_Dataset excerpt_:
———

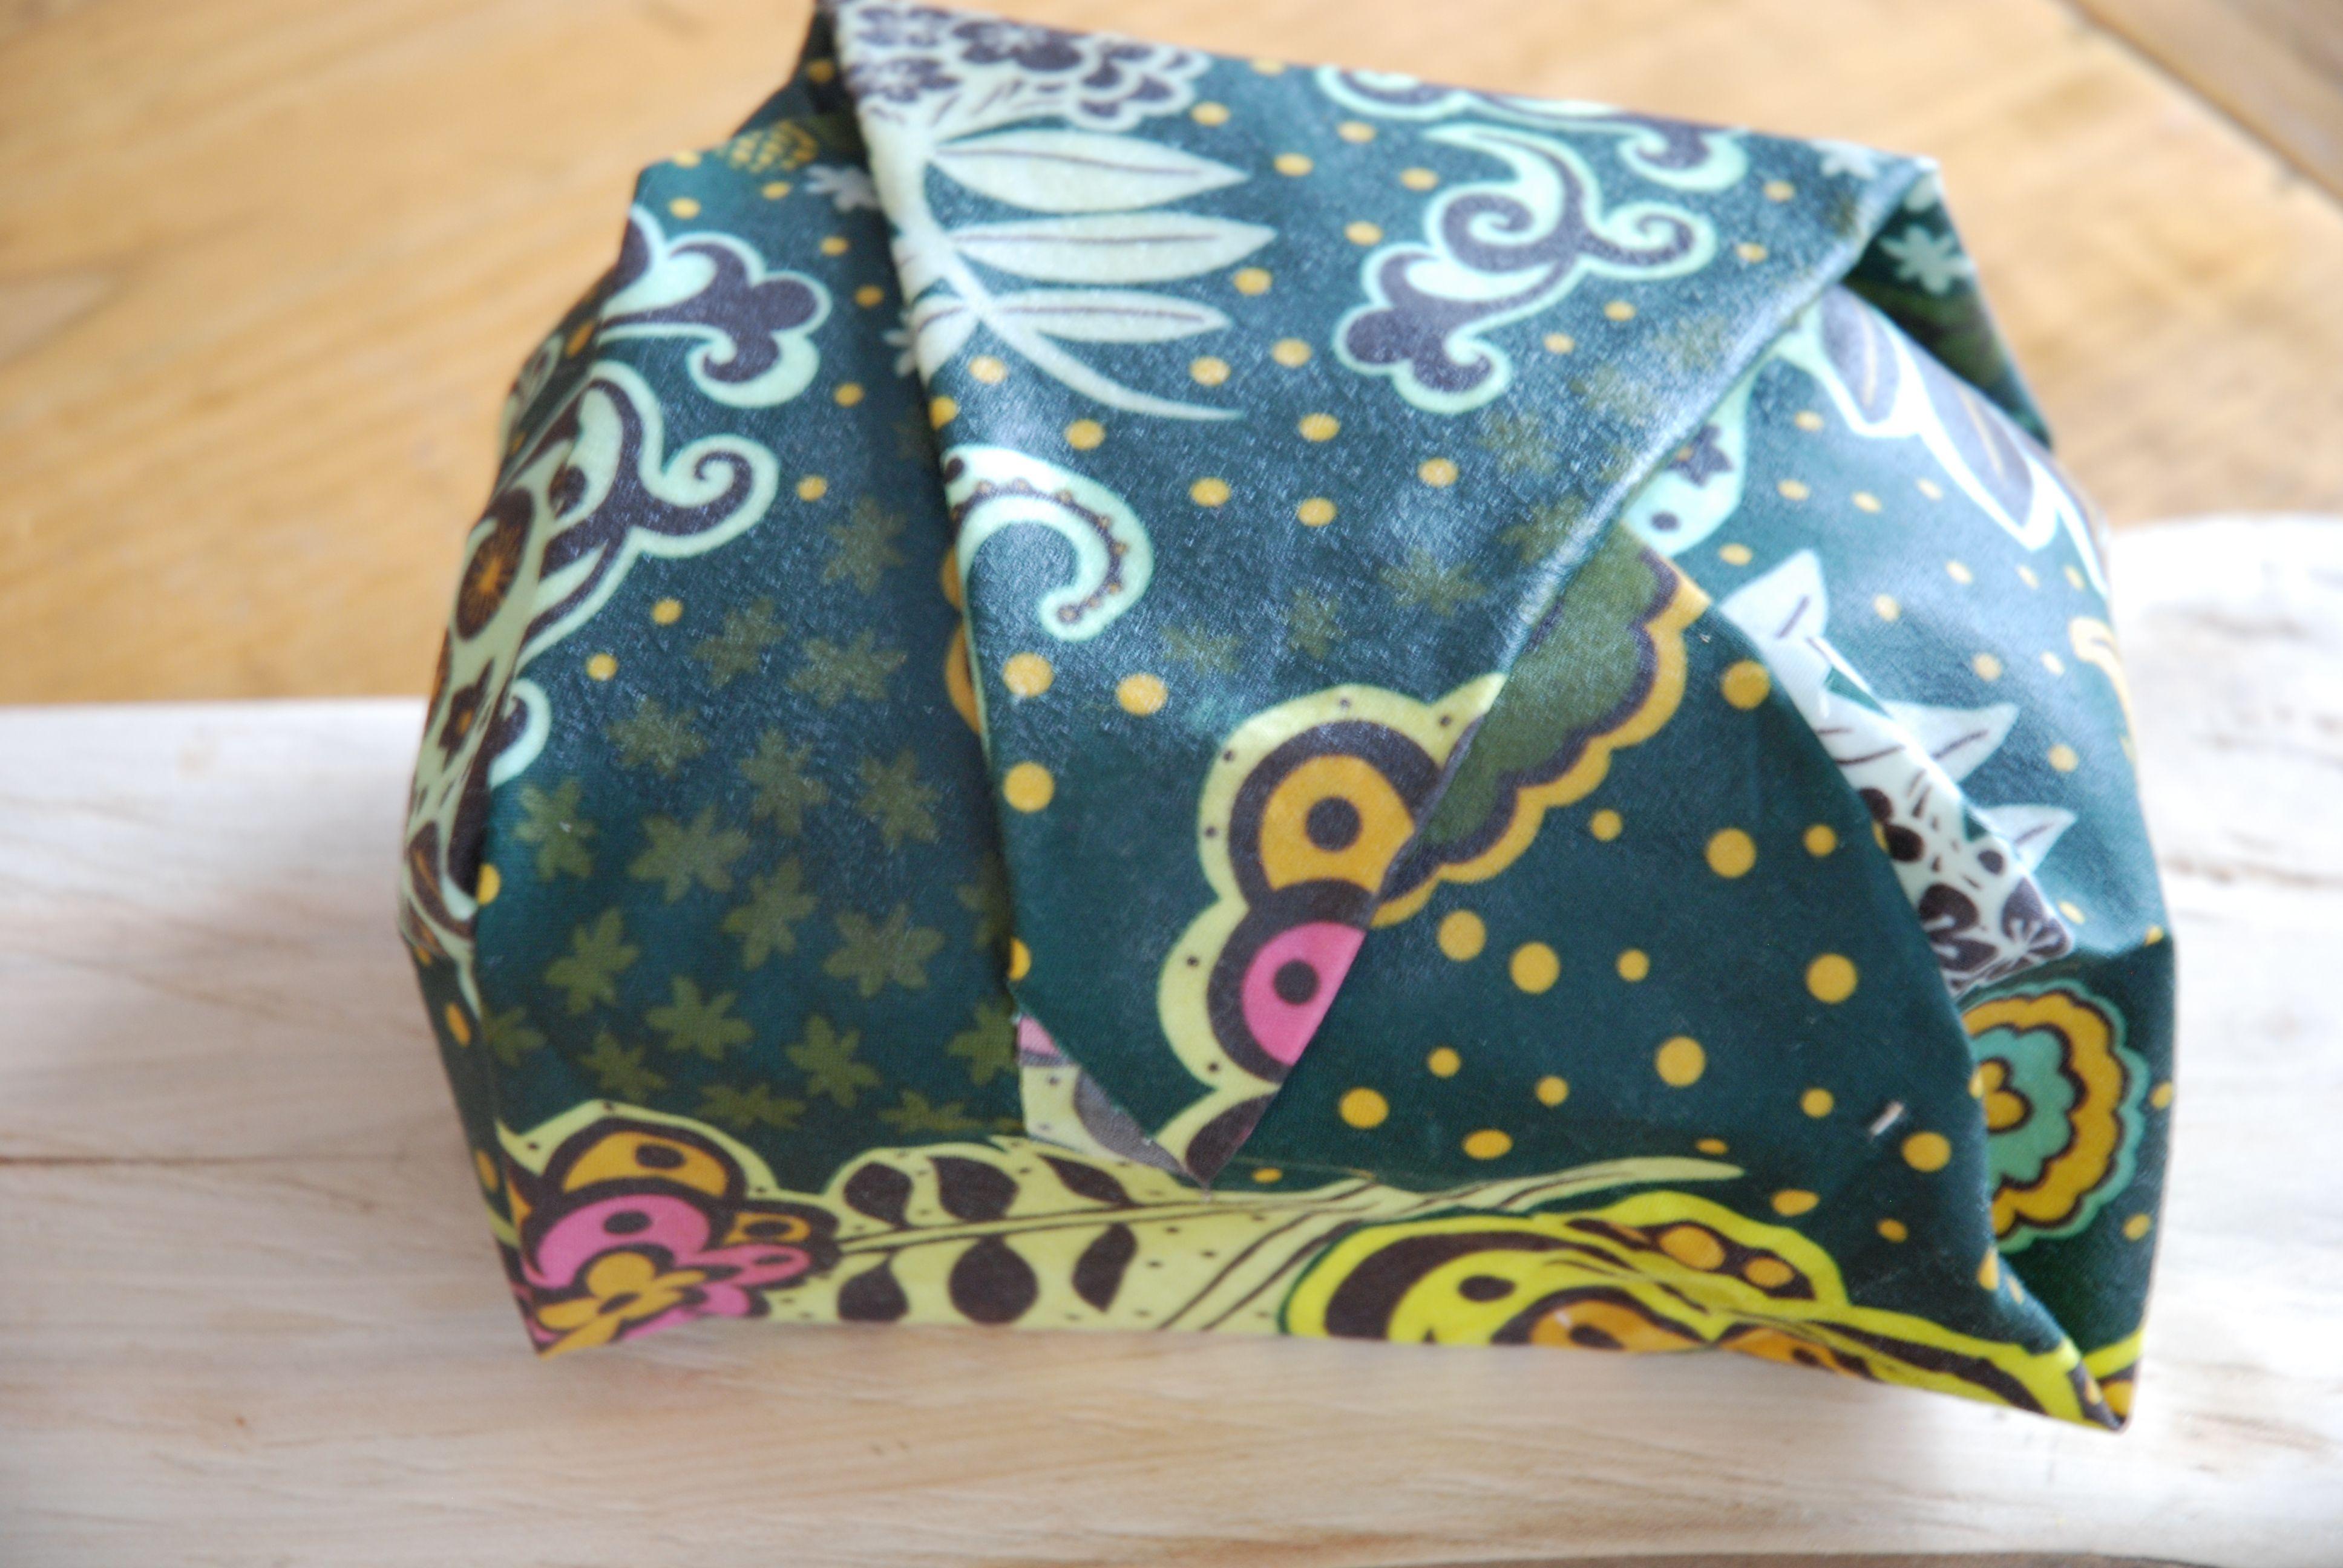 Beeswax & Resin Food Wrap | DIY and Crafty Crafts | Diy
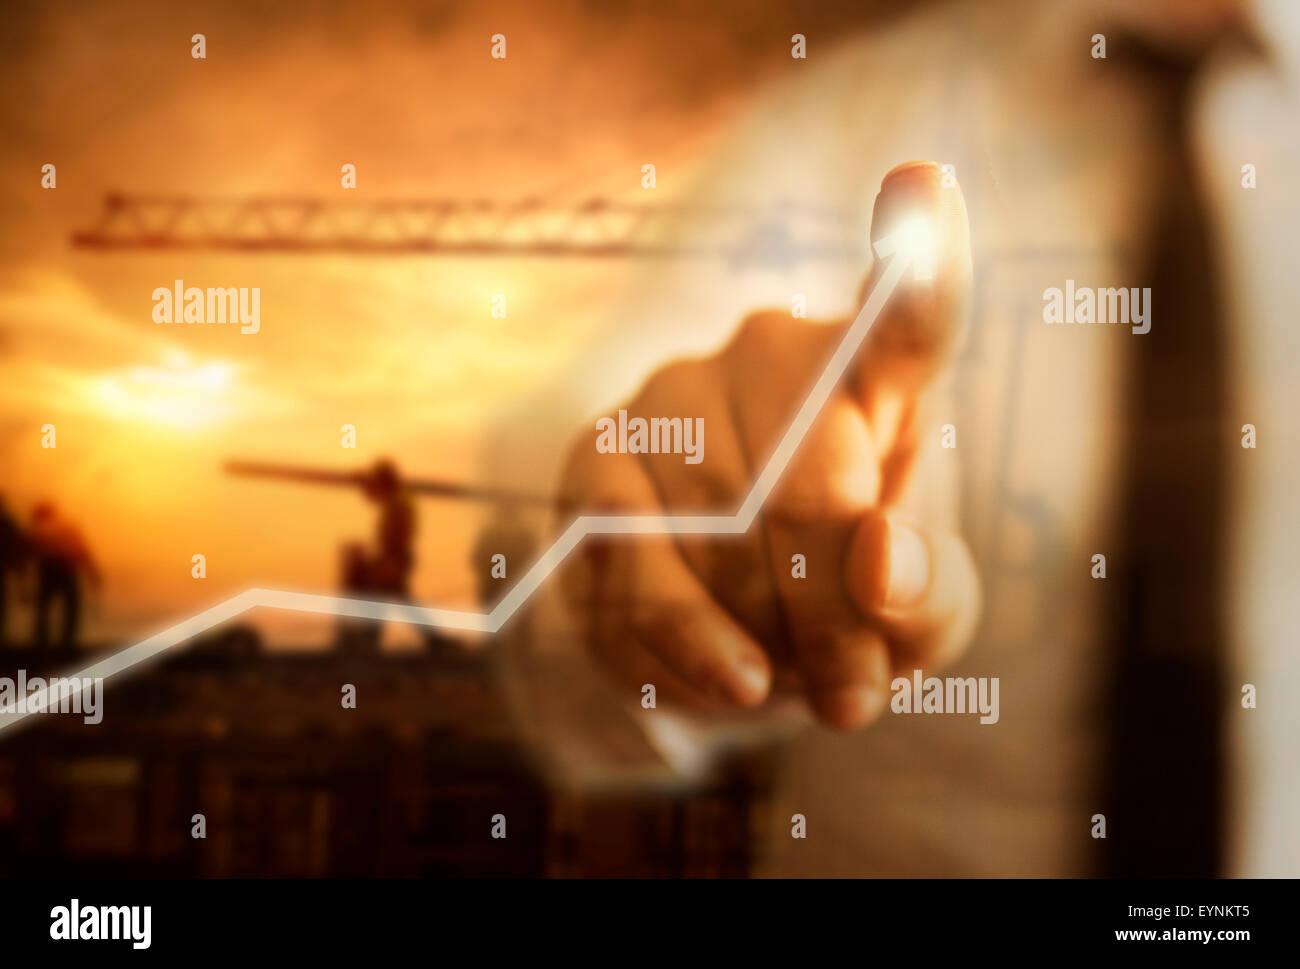 La croissance de l'entreprise Concept Photo Stock
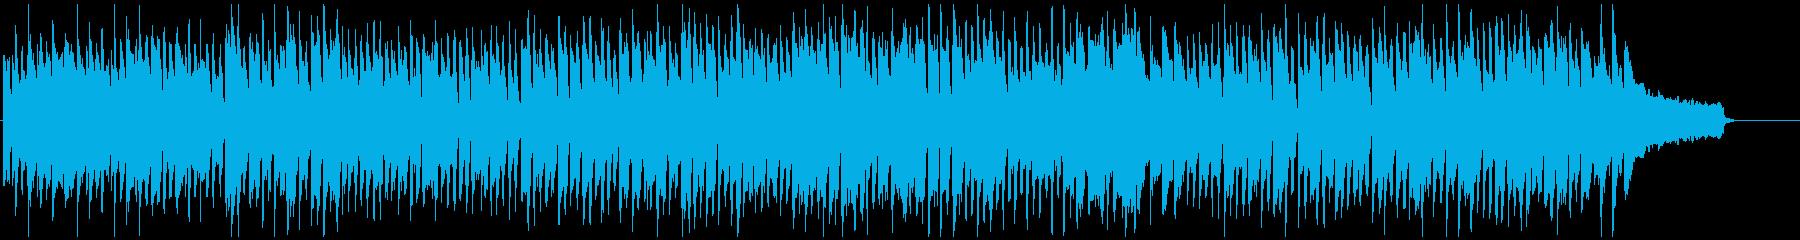 晴れた日、お出かけ、ポップなリコーダー曲の再生済みの波形
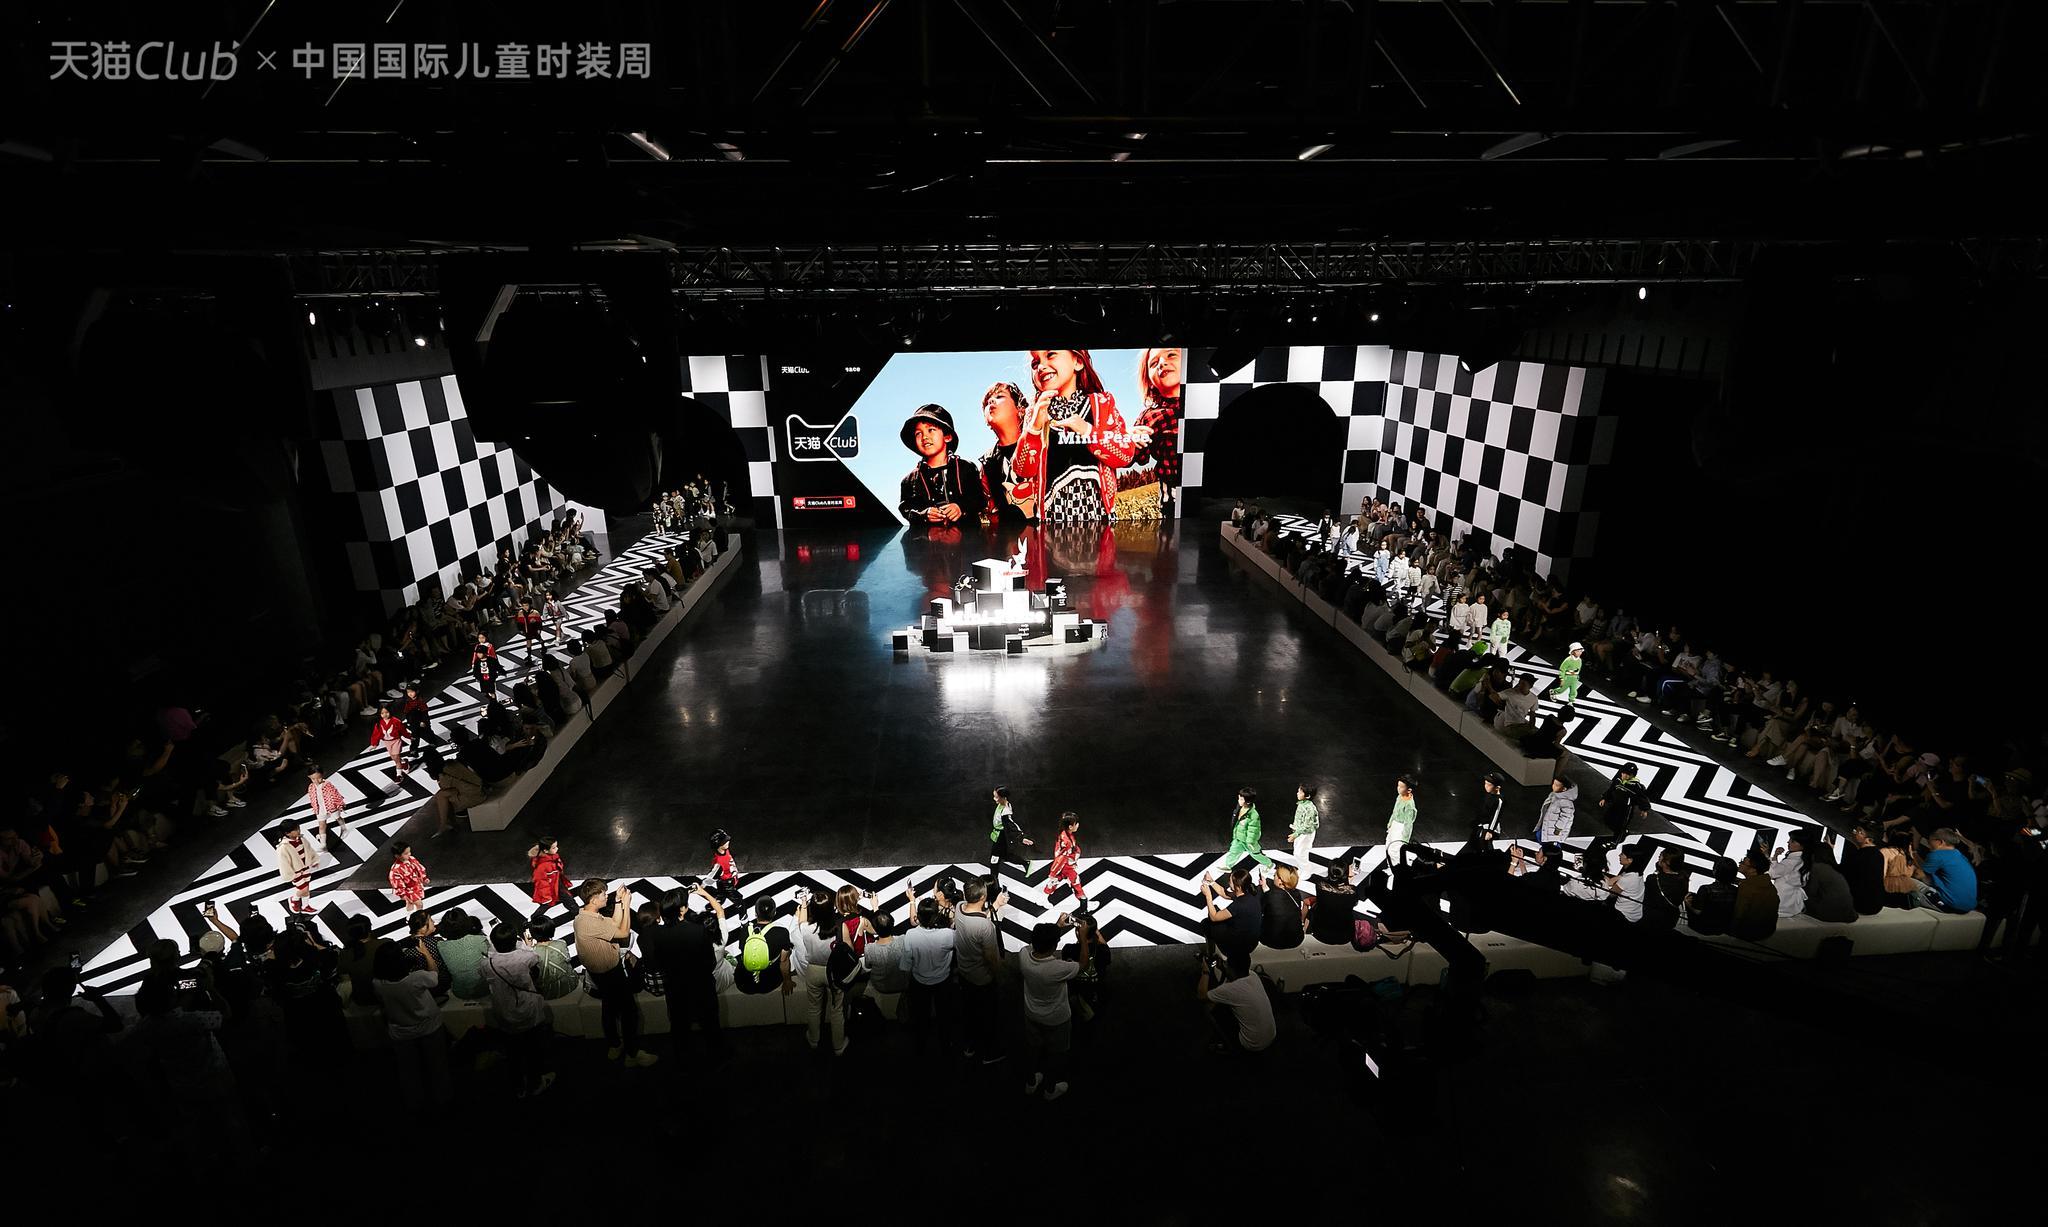 为期四天的天猫Club@中国国际儿童时装周 终于完美落下帷幕

———

_Task directions_: The answer should be the full material above, printed exactly, with no pictures in it.

_Reply_:
 Beeswax & Resin Food Wrap | DIY and Crafty Crafts | Diy
 La croissance de l'entreprise Concept Photo Stock
 晴れた日、お出かけ、ポップなリコーダー曲の再生済みの波形
 为期四天的天猫Club@中国国际儿童时装周 终于完美落下帷幕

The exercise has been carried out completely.